_What you are asked to do_
How many lines below hold the string "color"? Report that number alone.

======== Dataset ========

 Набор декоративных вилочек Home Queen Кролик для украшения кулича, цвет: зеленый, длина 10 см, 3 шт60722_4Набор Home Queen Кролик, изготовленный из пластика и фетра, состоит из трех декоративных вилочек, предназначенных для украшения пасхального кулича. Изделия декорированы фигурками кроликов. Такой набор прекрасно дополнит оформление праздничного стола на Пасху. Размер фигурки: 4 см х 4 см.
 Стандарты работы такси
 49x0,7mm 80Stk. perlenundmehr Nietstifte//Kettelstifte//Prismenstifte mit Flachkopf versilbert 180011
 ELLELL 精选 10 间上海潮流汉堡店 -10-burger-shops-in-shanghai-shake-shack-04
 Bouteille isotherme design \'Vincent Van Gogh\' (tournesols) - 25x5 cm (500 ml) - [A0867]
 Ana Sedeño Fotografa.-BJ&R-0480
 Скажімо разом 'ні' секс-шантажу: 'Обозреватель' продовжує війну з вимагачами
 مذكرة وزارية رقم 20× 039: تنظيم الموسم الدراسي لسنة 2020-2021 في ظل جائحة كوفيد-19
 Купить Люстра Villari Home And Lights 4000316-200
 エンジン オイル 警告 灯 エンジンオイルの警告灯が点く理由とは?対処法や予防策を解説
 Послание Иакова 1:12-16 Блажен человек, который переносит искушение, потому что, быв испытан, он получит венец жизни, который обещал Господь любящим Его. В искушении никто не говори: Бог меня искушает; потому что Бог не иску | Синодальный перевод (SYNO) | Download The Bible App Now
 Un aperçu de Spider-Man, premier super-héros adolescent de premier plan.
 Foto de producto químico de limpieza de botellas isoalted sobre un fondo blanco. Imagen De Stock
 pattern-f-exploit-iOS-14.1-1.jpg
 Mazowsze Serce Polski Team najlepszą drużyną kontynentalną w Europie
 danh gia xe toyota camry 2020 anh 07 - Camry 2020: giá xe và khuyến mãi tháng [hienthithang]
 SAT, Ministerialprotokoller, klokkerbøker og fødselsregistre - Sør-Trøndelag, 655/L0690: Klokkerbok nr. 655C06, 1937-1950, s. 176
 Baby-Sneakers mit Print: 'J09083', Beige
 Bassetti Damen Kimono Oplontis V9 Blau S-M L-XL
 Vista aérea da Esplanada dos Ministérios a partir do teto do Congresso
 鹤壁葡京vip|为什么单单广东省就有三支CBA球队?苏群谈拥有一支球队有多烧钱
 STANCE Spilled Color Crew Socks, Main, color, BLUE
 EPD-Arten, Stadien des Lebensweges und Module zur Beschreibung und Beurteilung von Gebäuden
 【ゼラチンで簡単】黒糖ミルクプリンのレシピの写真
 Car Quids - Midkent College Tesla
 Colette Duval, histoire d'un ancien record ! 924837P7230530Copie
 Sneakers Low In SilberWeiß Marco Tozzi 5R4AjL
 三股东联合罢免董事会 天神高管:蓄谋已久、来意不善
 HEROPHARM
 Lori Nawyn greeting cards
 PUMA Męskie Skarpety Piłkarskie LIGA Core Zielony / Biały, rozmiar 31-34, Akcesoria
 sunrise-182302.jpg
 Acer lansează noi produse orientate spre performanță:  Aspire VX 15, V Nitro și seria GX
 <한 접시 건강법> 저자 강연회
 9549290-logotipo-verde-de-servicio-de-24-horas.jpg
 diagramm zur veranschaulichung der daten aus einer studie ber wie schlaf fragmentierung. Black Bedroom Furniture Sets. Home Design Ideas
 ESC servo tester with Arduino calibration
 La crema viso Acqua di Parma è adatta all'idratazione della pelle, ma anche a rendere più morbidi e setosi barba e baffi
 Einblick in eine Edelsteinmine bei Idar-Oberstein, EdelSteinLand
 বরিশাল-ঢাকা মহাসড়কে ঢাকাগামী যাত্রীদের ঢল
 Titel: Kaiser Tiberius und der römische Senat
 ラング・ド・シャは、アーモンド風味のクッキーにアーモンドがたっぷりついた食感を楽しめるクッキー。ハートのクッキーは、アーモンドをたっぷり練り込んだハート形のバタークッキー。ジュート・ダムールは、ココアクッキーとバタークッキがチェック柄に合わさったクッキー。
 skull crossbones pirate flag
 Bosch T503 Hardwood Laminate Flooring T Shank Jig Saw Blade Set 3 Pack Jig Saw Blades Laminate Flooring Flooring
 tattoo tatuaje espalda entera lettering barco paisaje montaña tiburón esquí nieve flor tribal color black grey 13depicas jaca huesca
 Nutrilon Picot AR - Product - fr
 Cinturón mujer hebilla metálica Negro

========

_Written solution_
2